Task goal: Copy each of the records exactly; leave nothing out.

******

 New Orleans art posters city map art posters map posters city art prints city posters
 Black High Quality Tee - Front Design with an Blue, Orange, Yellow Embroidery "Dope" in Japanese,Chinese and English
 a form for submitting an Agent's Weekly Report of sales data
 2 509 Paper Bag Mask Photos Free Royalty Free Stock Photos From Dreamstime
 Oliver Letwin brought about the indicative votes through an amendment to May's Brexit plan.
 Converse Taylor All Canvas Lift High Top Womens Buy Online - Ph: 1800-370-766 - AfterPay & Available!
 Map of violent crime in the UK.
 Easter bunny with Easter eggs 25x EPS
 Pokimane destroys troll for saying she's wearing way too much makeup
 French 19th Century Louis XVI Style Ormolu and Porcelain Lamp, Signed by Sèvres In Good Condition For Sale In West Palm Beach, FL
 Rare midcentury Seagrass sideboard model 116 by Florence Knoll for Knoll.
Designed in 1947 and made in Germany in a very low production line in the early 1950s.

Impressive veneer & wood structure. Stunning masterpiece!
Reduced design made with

******

Exercise output:
 New Orleans art posters city map art posters map posters city art prints city posters
 Black High Quality Tee - Front Design with an Blue, Orange, Yellow Embroidery "Dope" in Japanese,Chinese and English
 a form for submitting an Agent's Weekly Report of sales data
 2 509 Paper Bag Mask Photos Free Royalty Free Stock Photos From Dreamstime
 Oliver Letwin brought about the indicative votes through an amendment to May's Brexit plan.
 Converse Taylor All Canvas Lift High Top Womens Buy Online - Ph: 1800-370-766 - AfterPay & Available!
 Map of violent crime in the UK.
 Easter bunny with Easter eggs 25x EPS
 Pokimane destroys troll for saying she's wearing way too much makeup
 French 19th Century Louis XVI Style Ormolu and Porcelain Lamp, Signed by Sèvres In Good Condition For Sale In West Palm Beach, FL
 Rare midcentury Seagrass sideboard model 116 by Florence Knoll for Knoll.
Designed in 1947 and made in Germany in a very low production line in the early 1950s.

Impressive veneer & wood structure. Stunning masterpiece!
Reduced design made with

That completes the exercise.